Comparing Cases And Details
Key Takeaways
- Comparison helps reveal which details are shared and which are different.
- Useful comparisons stay within the facts supplied by the prompt.
- A changed detail can narrow the best-supported conclusion.
- Law enforcement and corrections settings can differ without changing the reasoning method.
Comparing Cases And Details
Comparing cases and details is one of the most useful habits for CJBAT Inductive Reasoning. A prompt may present several people, events, statements, or observations. If you read them as separate pieces, the pattern may stay hidden. If you compare them, shared features and important differences become easier to see.
Start with what is directly stated.
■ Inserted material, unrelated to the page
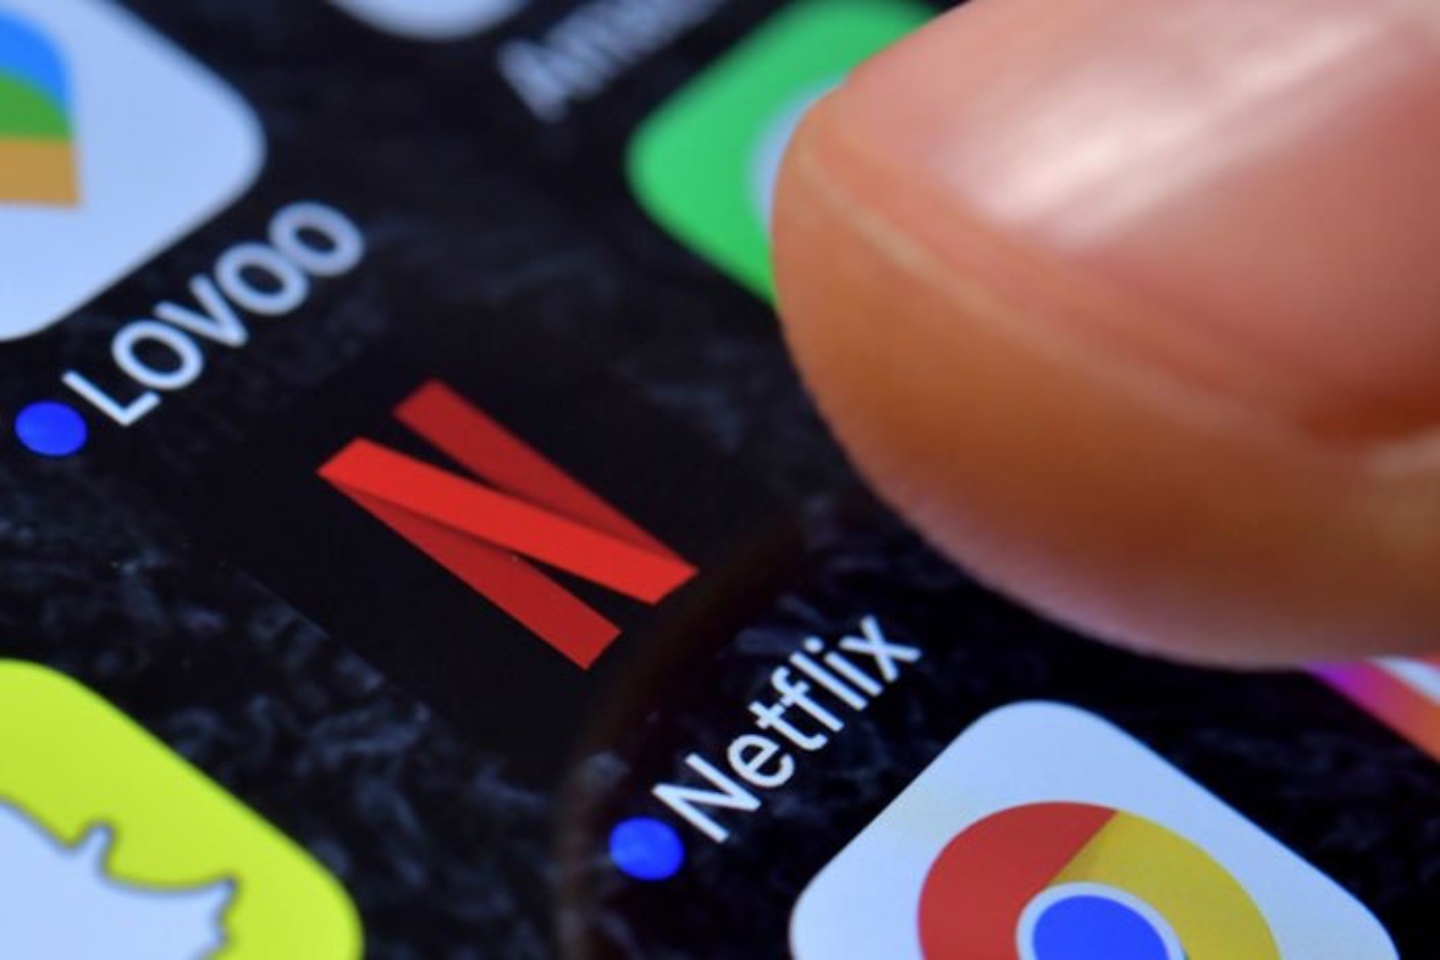 Netflix 可能快要可以調整影片播放速度了！Android 裝置搶先測試中

The official brief says the exams do not require previous experience or outside knowledge, so your comparisons should not depend on outside procedure. A law enforcement context may mention evidence or citations. A corrections context may mention a correctional facility. Those settings matter only as facts in the prompt. They do not invite you to import rules the prompt does not give.
Use a simple comparison grid in practice:
| Detail | Case 1 | Case 2 | Case 3 | Pattern Question |
|---|---|---|---|---|
| Setting | What is stated? | What is stated? | What is stated? | Is it shared? |
| Action | What happened? | What happened? | What happened? | Does it repeat? |
| Outcome | What followed? | What followed? | What followed? | Is there a trend? |
| Exception | What differs? | What differs? | What differs? | Does it limit the conclusion? |
You do not need to draw a full table on test day for every item. The point is to train the mental move. When details are dense, pause long enough to ask what is the same and what is different. If two examples share one outcome but differ in another detail, the shared detail may be relevant. If one example breaks the pattern, the best answer may need to acknowledge a limit.
Comparison also helps eliminate attractive wrong answers. An answer may fit the first case perfectly but fail on the second. Another may fit the setting but ignore the outcome. A stronger answer fits the whole set of facts. It does not need to explain facts that are not present.
Try this order:
- Read all examples before deciding.
- Name the repeated feature in plain words.
- Name the detail that changes.
- Ask whether the changed detail matters to the conclusion.
- Eliminate answers that fit only one example when several are provided.
The CJBAT has separate law enforcement and corrections tests, so practice examples can use different settings. That difference should not change your reasoning standard. The official brief says both exams measure basic abilities and use material provided in questions or passages. A candidate should not need agency experience to compare details.
Comparison is also useful for timing. Section III gives 1 hour for 40 items across several skills. A compact comparison method prevents rereading the whole prompt repeatedly. You make a quick map of the facts, then test each option against that map. The best-supported answer is the one that survives comparison with the fewest unsupported additions.
Why is comparison useful in inductive reasoning?
If one example breaks an early pattern, what should you do?
What remains the same when a scenario setting changes from law enforcement to corrections?